# PE exam question 49



## yaoyaodes (Apr 27, 2021)

A balanced 3 phase load with a power factor of 0.8 lagging is connected as show.

I am so confused with this question and solution.


----------



## DLD PE (Apr 27, 2021)

You can do a search for any NCEES problem and find it here. Just type "NCEES #____" in the search bar. Also remember problem #49 used to be numbered #509 in the older NCEES practice exam books.









2 Watt Meter Method


Greetings. I am missing something fundamental in regards to developing the equations for the two watt metering method. I can develop the phasor diagrams that depict the voltages and currents and the phase angles between them, see attached. As I interpret the completed phasor diagram...




engineerboards.com


----------



## akyip (May 3, 2021)

I'll try to explain this as best as I can with what I remember Zach Stone's Electrical PE Review course taught about 2-wattmeter method.

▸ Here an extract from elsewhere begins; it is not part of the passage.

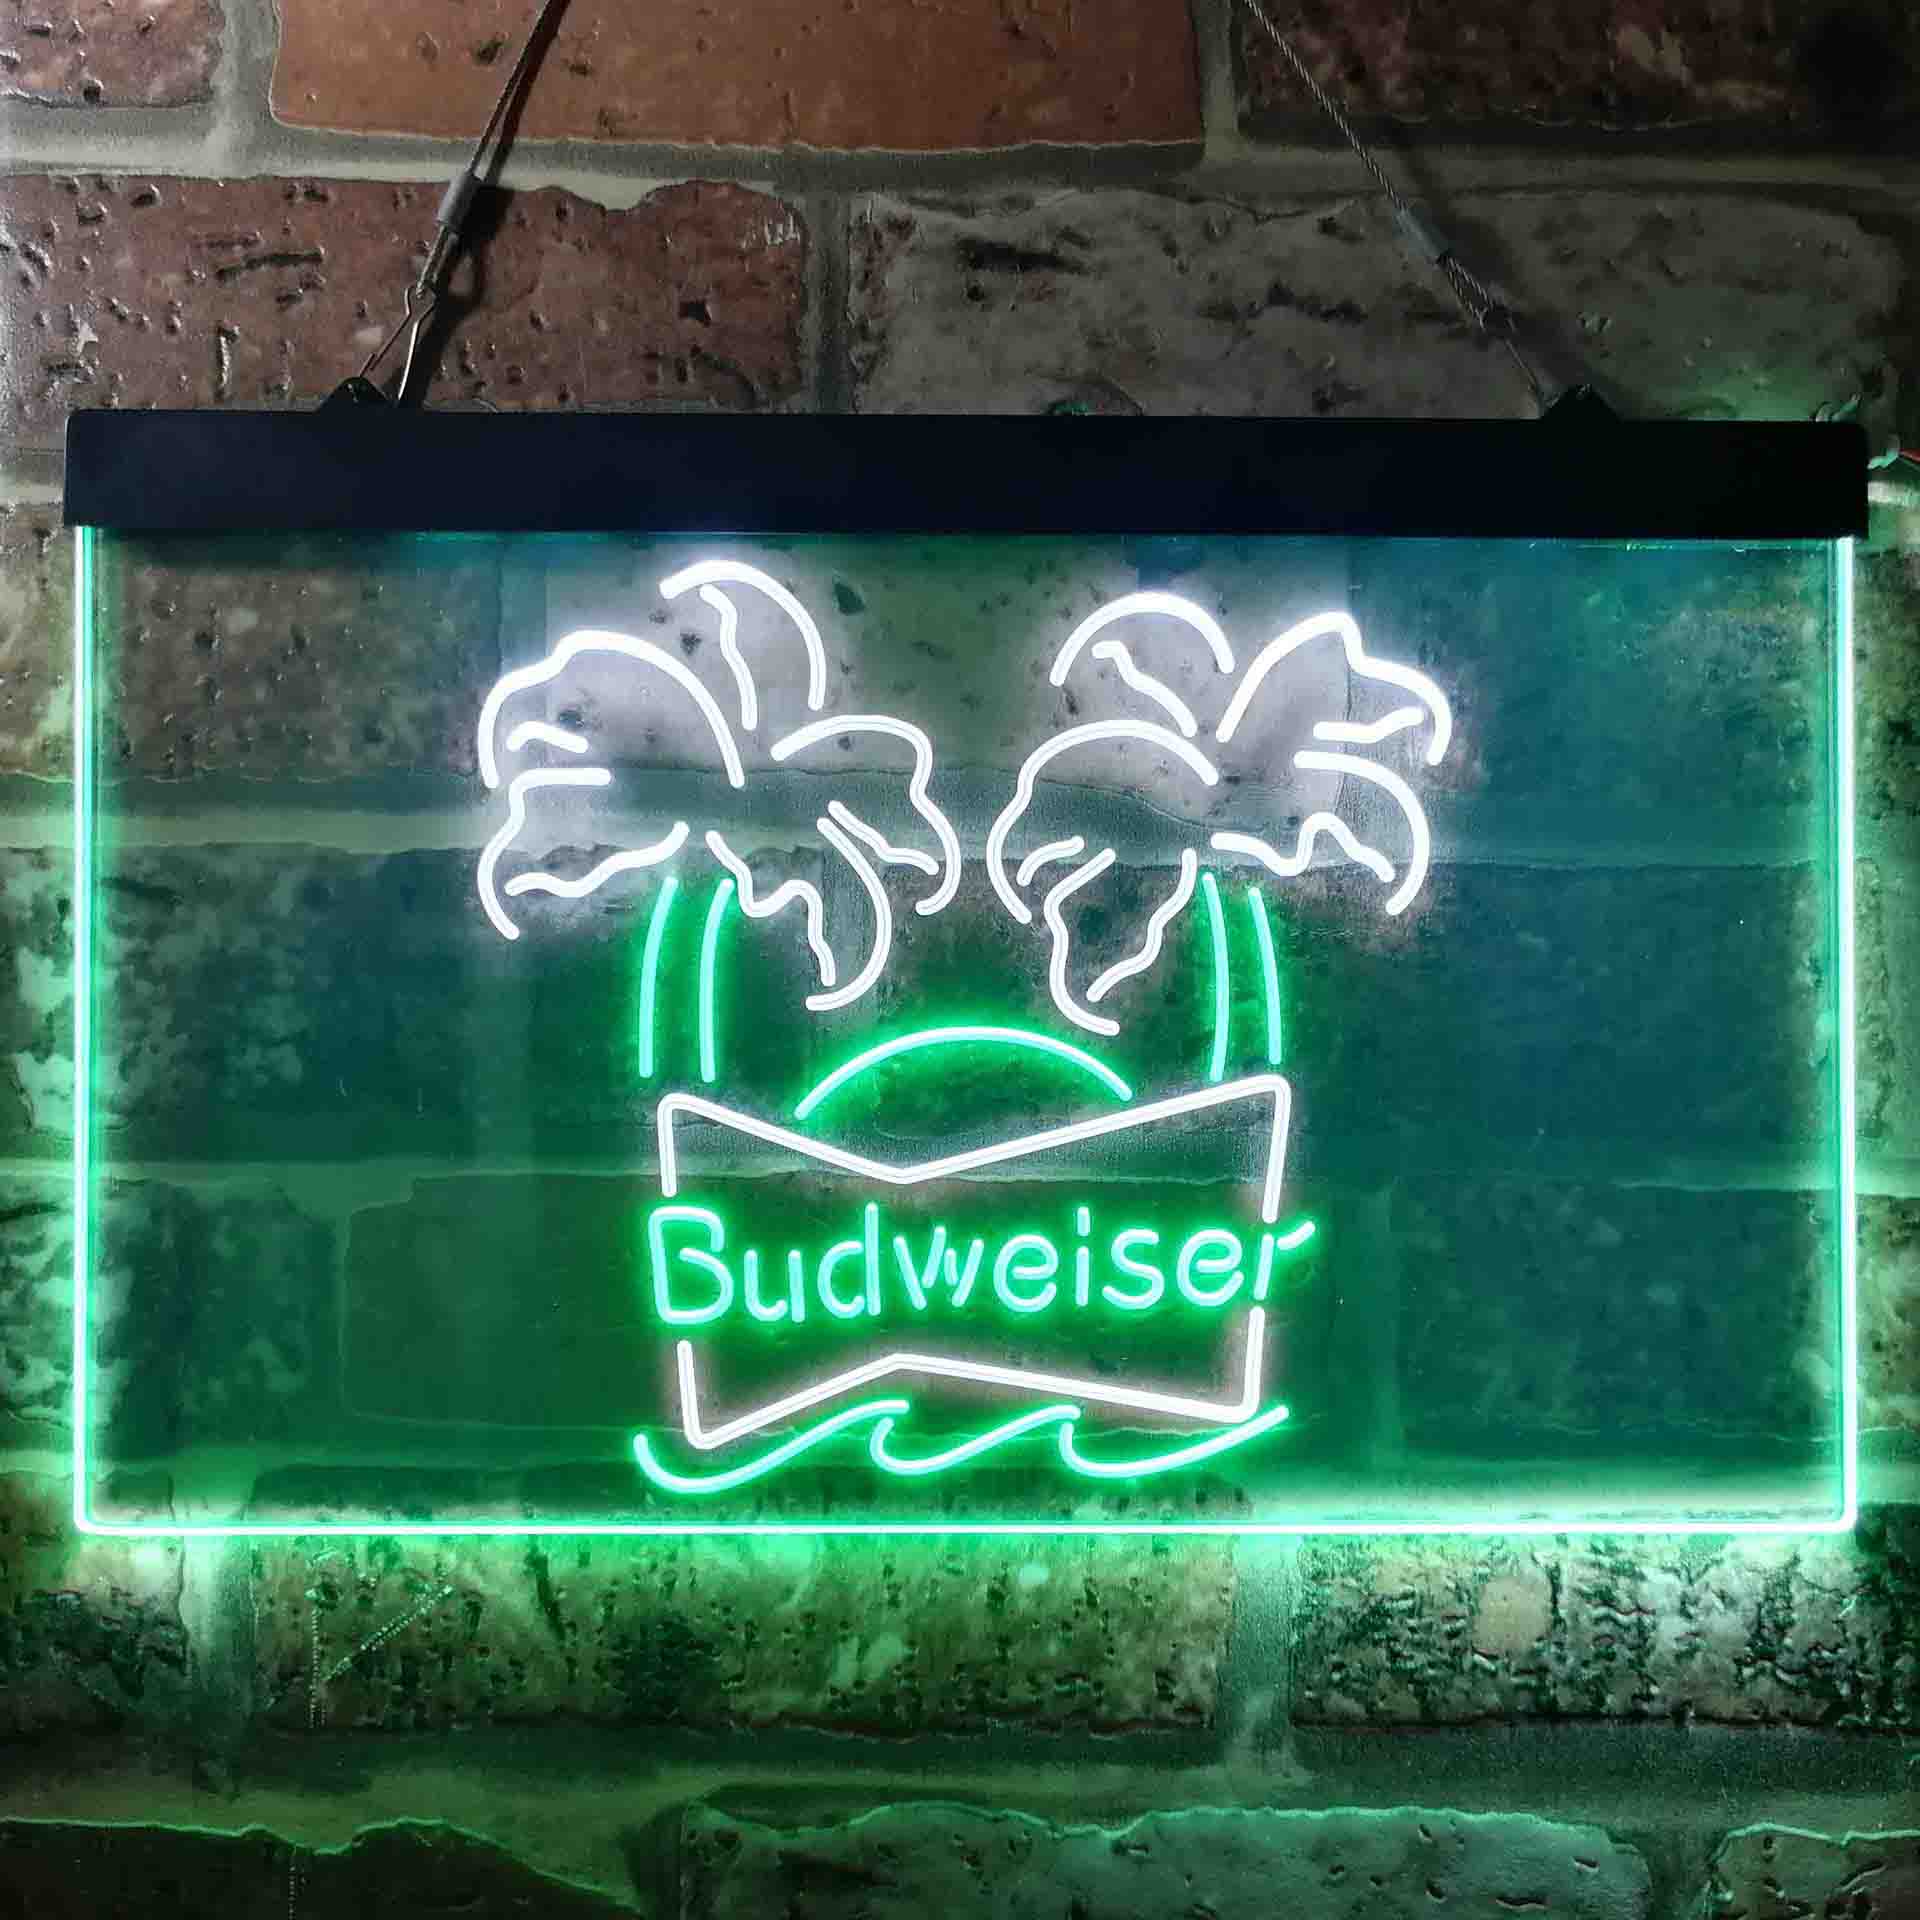 Budweiser Double Palm Tree Beer Neon-Like LED Sign

In a 2-wattmeter method, the two wattmeters are ALWAYS connected such that:

They share the same common negative terminal connection point.
Here, the common negative terminal point is the B phase.
They have different positive terminal connection points.
Wattmeter W1's positive terminal is the C phase, and Wattmeter W2's negative terminal is the A phase.
For each wattmeter's connection going from the positive terminal to the negative terminal:

The wattmeter that is connected in the positive or ABC sequence (AB, BC, or CA) will have its real power formula as: P = VLL * IL * cos(theta + 30).
In this problem, Wattmeter 2 is connected from A to B, which is the positive or ABC sequence.
So: P W2 = VLL * IL * cos(theta + 30)
The wattmeter that is connected in the negative or CBA sequence (CB, BA, or AC) will have its real power formulas as: P = VLL * IL * cos(theta - 30)
In this problem, Wattmeter 1 is connected from C to B, which is the negative or CBA sequence.
So: P W1 = VLL * IL * cos(theta - 30)
The 2 wattmeters will have the same real power readings when theta = 0, which corresponds to pf = 1. The reason is that the cosine function is symmetrical about the origin theta = 0 (it is an even or evenly symmetrical function about theta = 0). So cos(-x) = cos(x).

When theta = 0:

cos(0 - 30) = cos(0 + 30)
cos(-30) = cos(+30) = 0.866
Power factor: pf = cos(0) = 1
I hope that this explanation helps. I also included a few illustrations to try to reinforce my explanation.


----------



## Zach Stone P.E. (May 4, 2021)

akyip said:


> I'll try to explain this as best as I can with what I remember Zach Stone's Electrical PE Review course taught about 2-wattmeter method.
> 
> In a 2-wattmeter method, the two wattmeters are ALWAYS connected such that:
> 
> ...


Thanks for the mention @akyip!


----------